Samigina lui adressa un sourire encore plus grand.
- Désolé, je m'arrangerai pour qu'à l'avenir mes serviteurs fassent toujours le maximum pour te plaire… dans cette arène, bien entendu.
- ça me va, lui rendit-il avec un sourire carnassier.
Samigina leva le bras arraché de son serviteur au niveau de sa bouche et mordit dedans à pleine dents, sans quitter l'ancien Espada du regard. Il eut juste le temps de voir que ses canines étaient anormalement longues lorsqu'elle les planta dans le membre. Elle arracha vicieusement un morceau qu'elle mâcha lentement et lui fit un nouveau sourire, cette fois-ci avec sa bouche ensanglantée, puis elle disparut dans un Sonido, nulle doute qu'elle était retournée dans son box.
Une fois qu'elle fut partie, Nybbas se tourna vers le camp des deux prétendants et leva les deux bras vers Julia et Teresa, leur faisant signe de s'en aller. Les deux Arrancars souhaitèrent bonne chance à leurs amis et s'éclipsèrent à leur tour.
- Vous pouvez combattre ensemble, ou chacun de votre côté, faites comme vous le voulez. Vous êtes maintenant dans l'Arène, vos adversaires vous ont été présentés, il ne me reste donc plus qu'une seule chose à dire : Que les meilleurs gagnent.

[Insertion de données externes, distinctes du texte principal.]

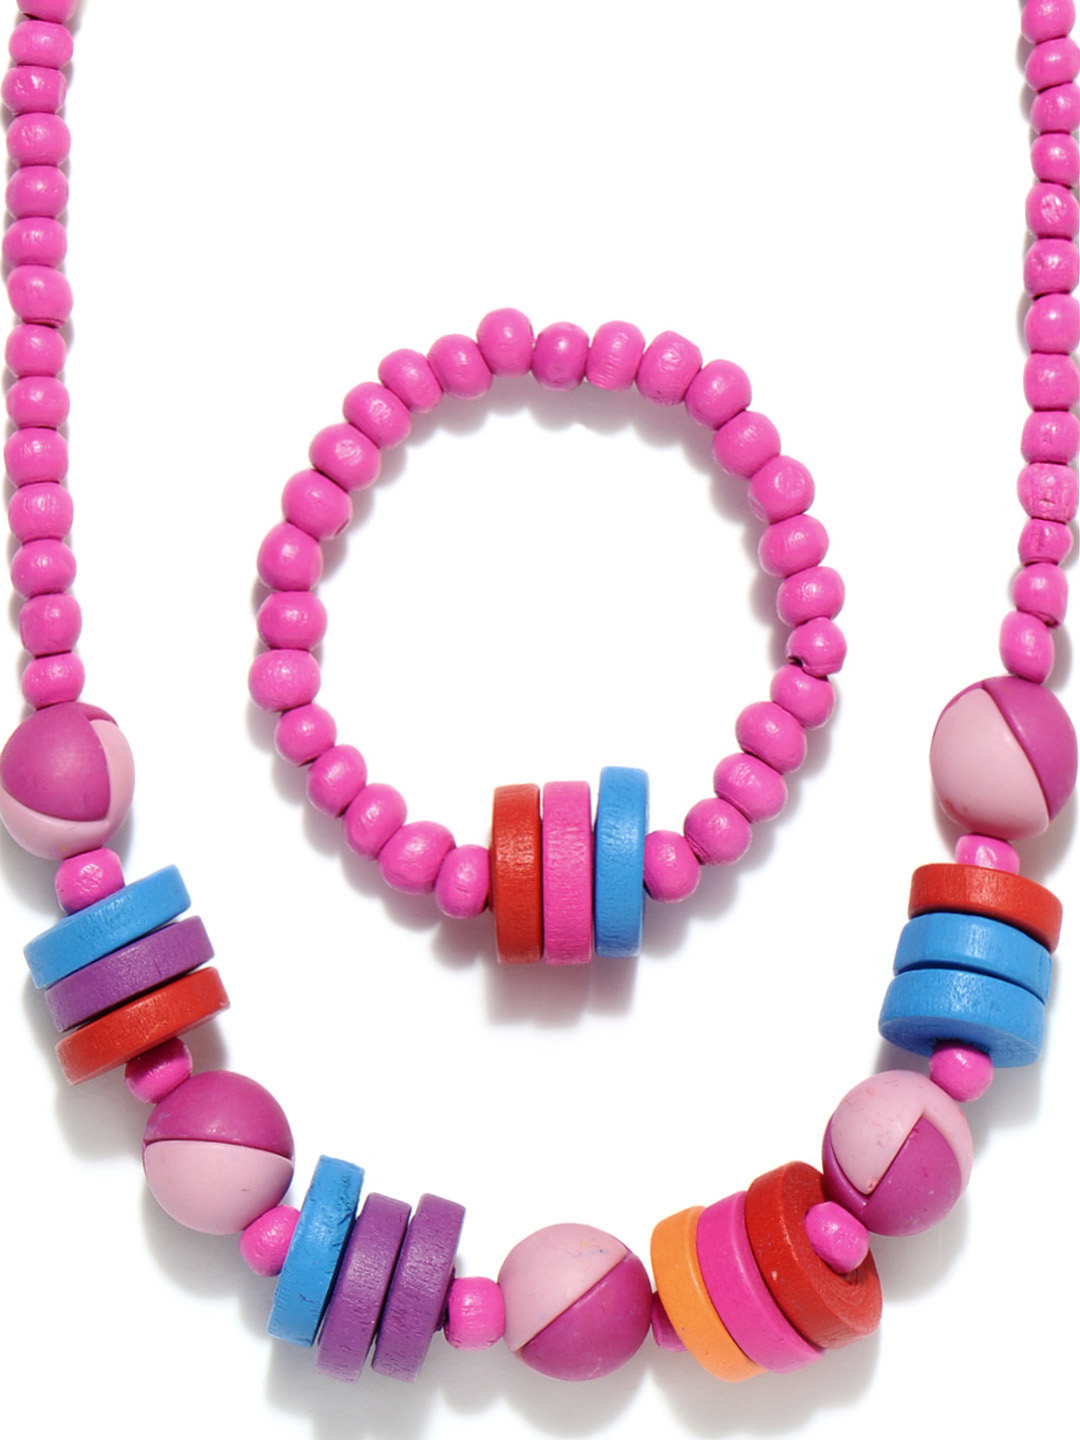 مجموعة رائعة من اكسسوارات البنات 2014 accessories for girls 34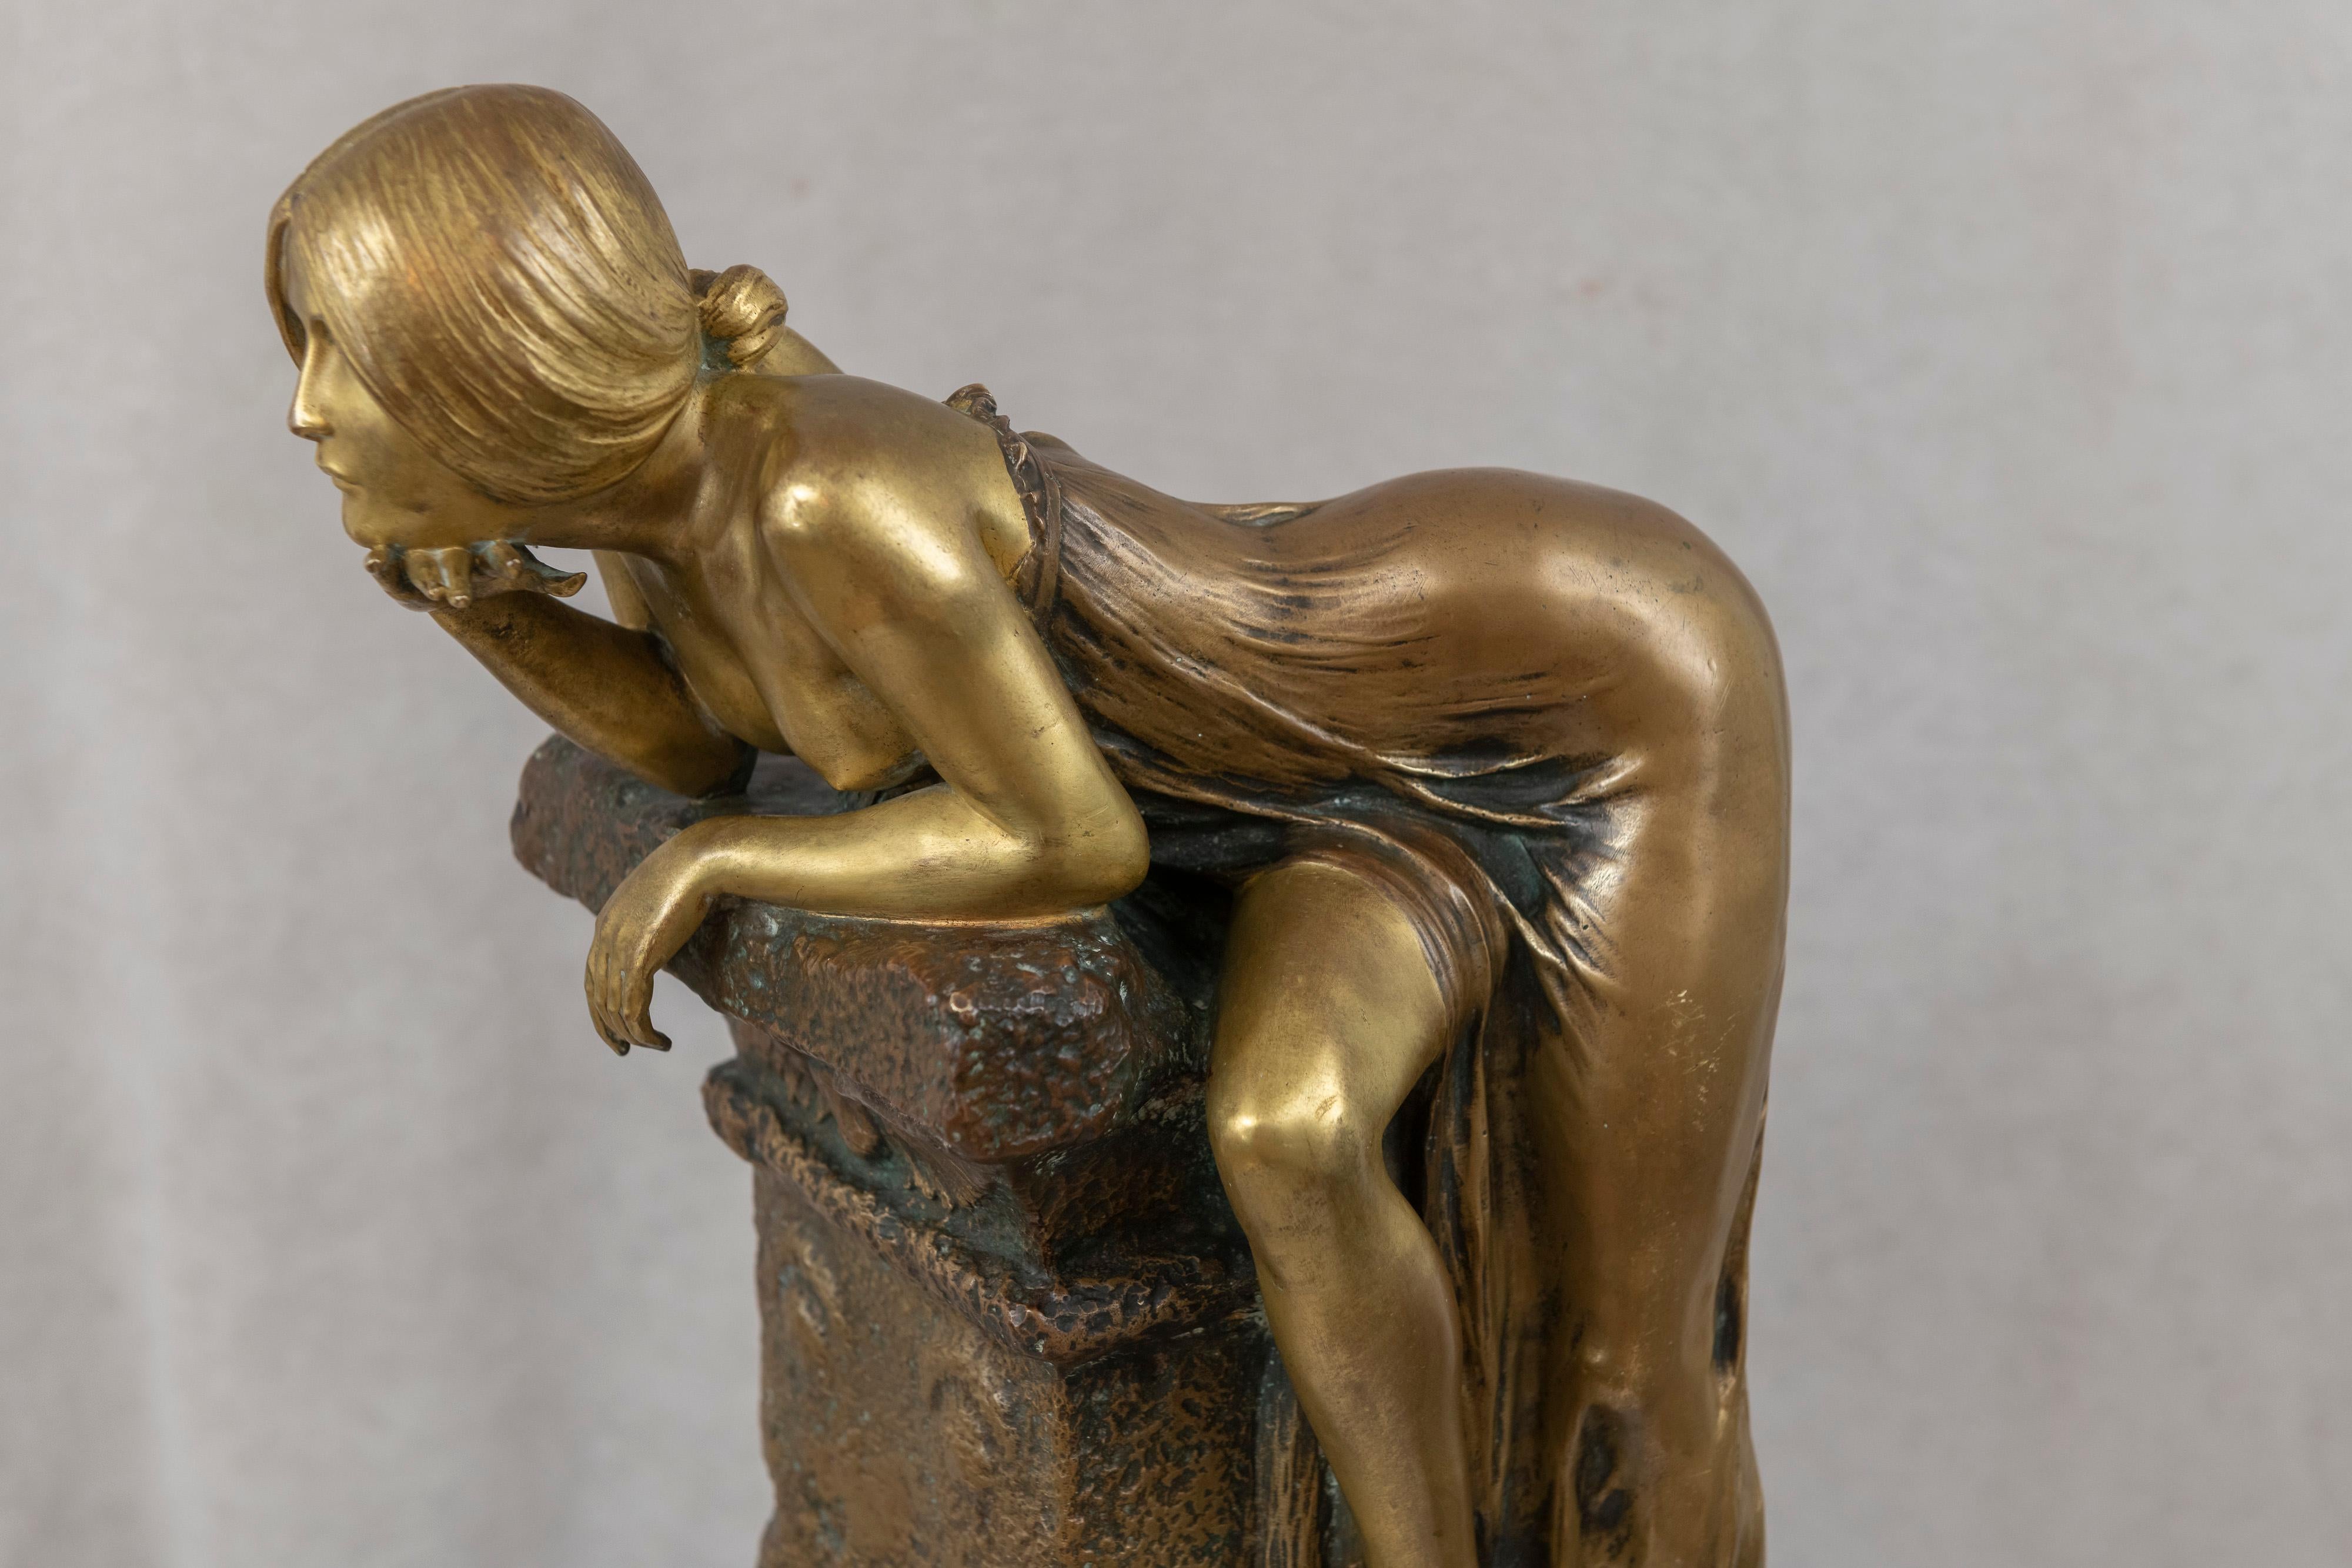 French Exceptional Art Nouveau Bronze Sculpture, by Louis Chalon

Nybbas s'éclipsa d'un rapide Sonido et ils le virent réapparaître près d'une sorte de pupitre en hauteur, dans une petite zone sans spectateur qui lui semblait réserver. Il appuya sur une commande et deux Négacion apparurent, un sur chaque camp. L'instant suivant l'arène se transforma et le sable disparut, remplacé par une image d'une immense forêt tropicale. Deux petits éclairs jaune signalèrent les points d'arrivée des concurrents sur leur champ de bataille et le combat ne tarda pas à commencer.